Encountered a problem where jujud stops listening on 17070/tcp while still running on machine 0. All juju clients stop working as they can't communicate to WSS on machine 0
Juju agent version: 1.17.4
1- We can see the following processes. So mongod is running fine, and the machine agent is running:
root@juju-cs2-machine-0:~# ps auxww | grep juju
root 5439 2.4 4.7 483664 48564 ? Ssl Mar03 41:48 mongod --auth --dbpath=/var/lib/juju/db --sslOnNormalPorts --sslPEMKeyFile /var/lib/juju/server.pem --sslPEMKeyPassword xxxxxxx --bind_ip 0.0.0.0 --port 37017 --noprealloc --syslog --smallfiles
root 5465 9.6 11.4 1167408 116616 ? Ssl Mar03 162:46 /var/lib/juju/tools/machine-0/jujud machine --data-dir /var/lib/juju --machine-id 0 --debug
root 12661 0.3 1.8 640832 19180 ? Ssl Mar03 4:52 /var/lib/juju/tools/unit-ci-juju-gui-0/jujud unit --data-dir /var/lib/juju --unit-name ci-juju-gui/0 --debug
root 13040 0.0 2.2 153120 23188 ? Ss Mar03 0:00 /usr/bin/python /usr/local/bin/runserver.py --logging=info --guiroot=/var/lib/juju-gui/juju-gui/build-prod --sslpath=/etc/ssl/juju-gui --charmworldurl=https://manage.jujucharms.com/ --apiurl=wss://10.55.32.46:17070 --apiversion=go
2- However port 17070/tcp isn't open by jujud machine0 agent:
root@juju-cs2-machine-0:~# netstat -anp | grep 17070
3- In the logs we have hundreds of:
014-03-03 12:18:28 ERROR juju.cmd.jujud agent.go:241 closeWorker: close error: error receiving message: write tcp 127.0.0.1:17070: connection reset by peer
2014-03-03 12:18:28 ERROR juju runner.go:220 worker: exited "api": watcher iteration error: read tcp 127.0.0.1:37017: i/o timeout
2014-03-03 12:18:31 ERROR juju apiclient.go:118 state/api: websocket.Dial wss://localhost:17070/: dial tcp 127.0.0.1:17070: connection refused
2014-03-03 12:18:31 ERROR juju runner.go:220 worker: exited "api": websocket.Dial wss://localhost:17070/: dial tcp 127.0.0.1:17070: connection refused
4- upon restart of jujud machine 0 agent all processes started to work fine and juju status worked.
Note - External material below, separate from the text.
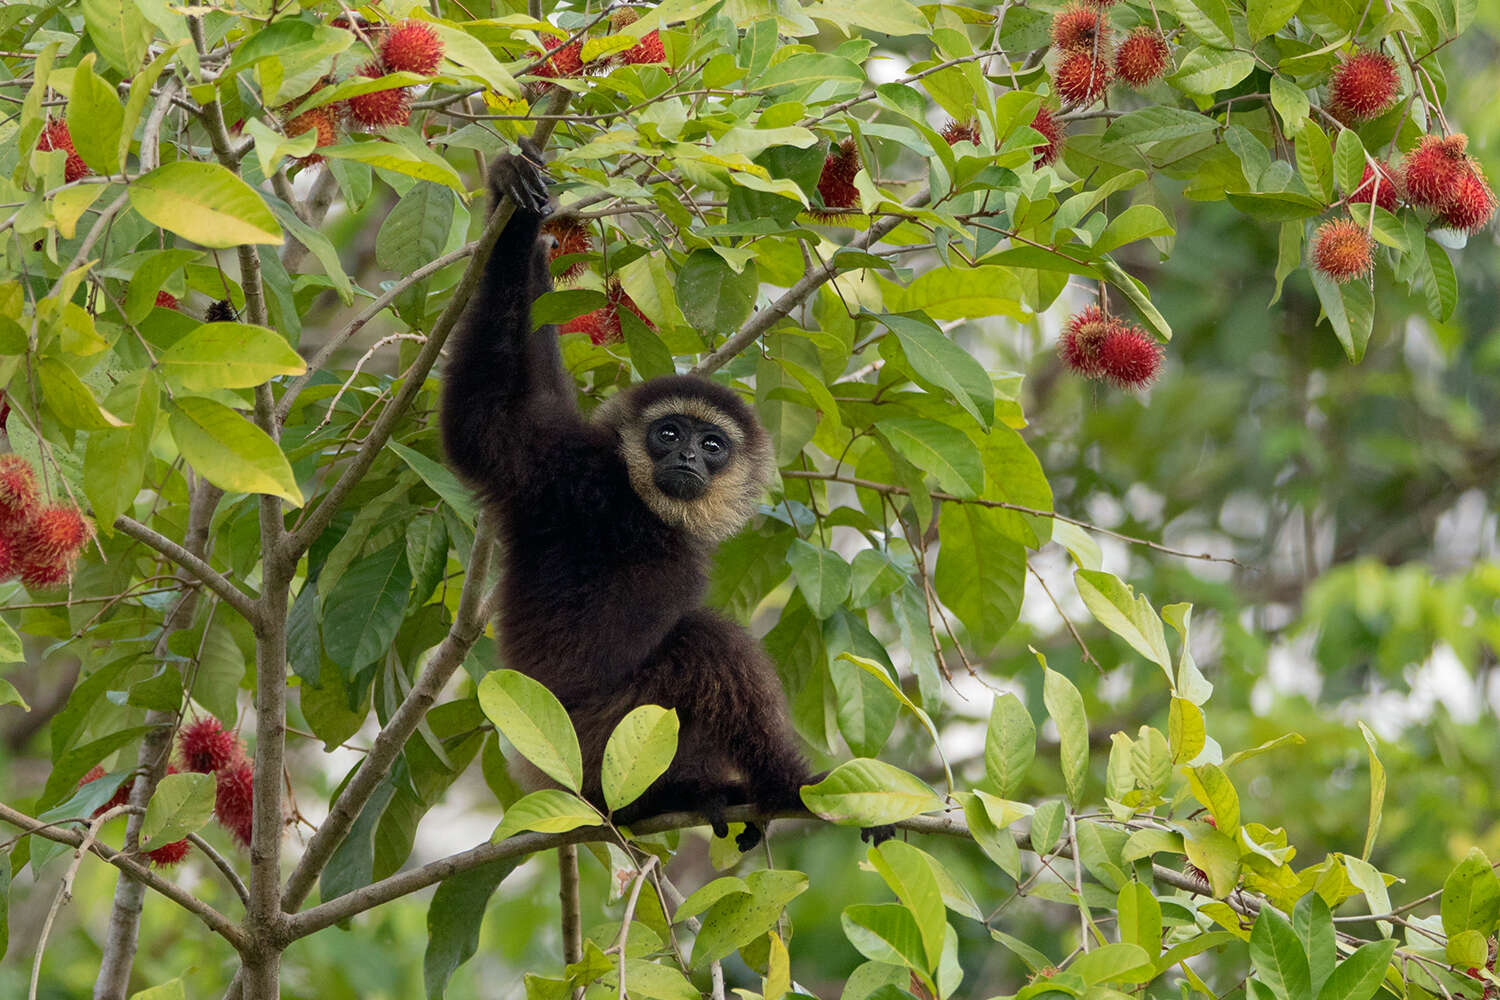 Image of Agile Gibbon

I could see that now jujud was listening on port 17070:
tcp6 0 0 :::17070 :::* LISTEN 1634/jujud
The process listening is 1634, which is compatible with the below:
root@juju-cs2-machine-0:~# ps auxwww | grep juju
root 1634 1.6 5.0 957760 51716 ? Ssl 13:54 0:23 /var/lib/juju/tools/machine-0/jujud machine --data-dir /var/lib/juju --machine-id 0 --debug
root 5439 2.4 5.0 549200 51584 ? Ssl Mar03 42:25 mongod --auth --dbpath=/var/lib/juju/db --sslOnNormalPorts --sslPEMKeyFile /var/lib/juju/server.pem --sslPEMKeyPassword xxxxxxx --bind_ip 0.0.0.0 --port 37017 --noprealloc --syslog --smallfiles
Full log from machine-0 agent attached.
thanks,
Eduardo.
fwiw this is roughly the similiar to the issue behind bug:1284183 (disconnect all clients on juju) except normally restarts the api server there.